Saturday, March 7, 2009

Histogrammed data in a database.

This is a recurring issue; How to efficiently update a large set of histogrammed data in a database? Suppose you have the following table in a database:
CREATE TABLE histo
(
  x INT NOT NULL,
  y INT NOT NULL,
  value INT NOT NULL
)
For instance, the data could represent a frequency distribution of values, that are classified according to the (x,y)-property. I.e., value is histogrammed on (x,y). I have often run into situations where the coordinates (x,y) can vary between 1 and 20000 so the table will possibly contain 200002=4·108 rows. To update a value to 1234, for (x,y)=(1,2), the following SQL statement can be executed:
UPDATE histo SET value=1234 WHERE x=1 AND y=2
To update a set of values, however, is not easily accomplished with a single UPDATE. You can set value on a set of (x,y) pairs with one UPDATE but not different values for different (x,y)'s. The following is valid SQL:
UPDATE histo SET value=1234 WHERE x=1 AND y IN(1,2)

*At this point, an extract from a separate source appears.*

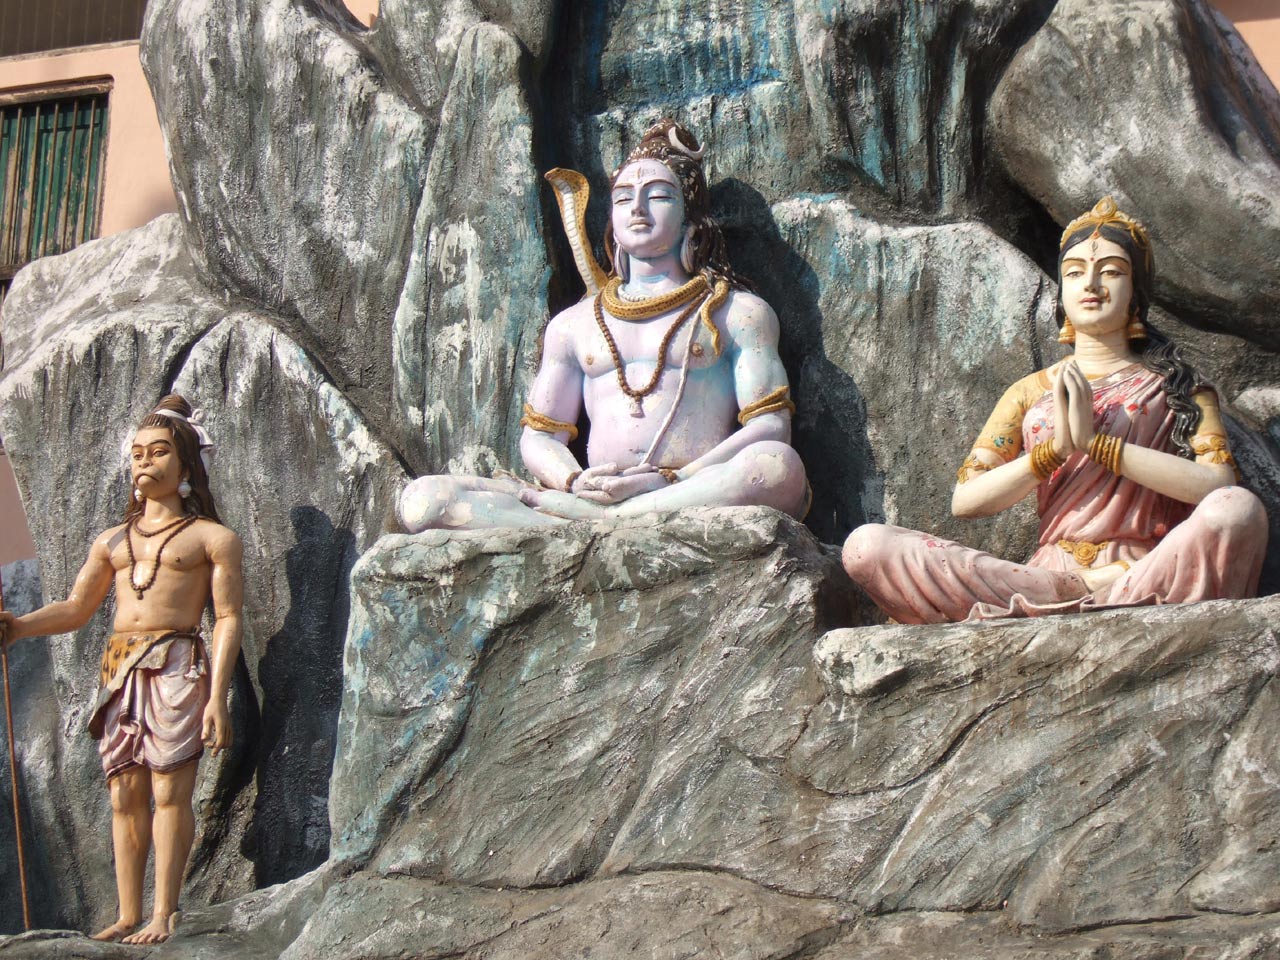 http://2.bp.blogspot.com/-b9VjwabLLLg/TbAAJSpqENI/AAAAAAAAARo/RqOMdz4MTpg/s1600/rishikesh-temple-of-hindu-god-at-india-pictures-collection.jpg

The value column be set to 1234 for (x,y)=(1,1),(1,2). Suppose you want to set value to 1234 for (x,y)=(1,1) and value to 5678 for (x,y)=(1,2). So, you would have to execute the following two SQL statements:
UPDATE histo SET value=1234 WHERE x=1 AND y=1
UPDATE histo SET value=5678 WHERE x=1 AND y=2
Ok, you can perhaps live with executing an extra statement or two. But when the number of updates needed increase, the burden on the database grows as well. It is not possible to do these two updates in only one statement.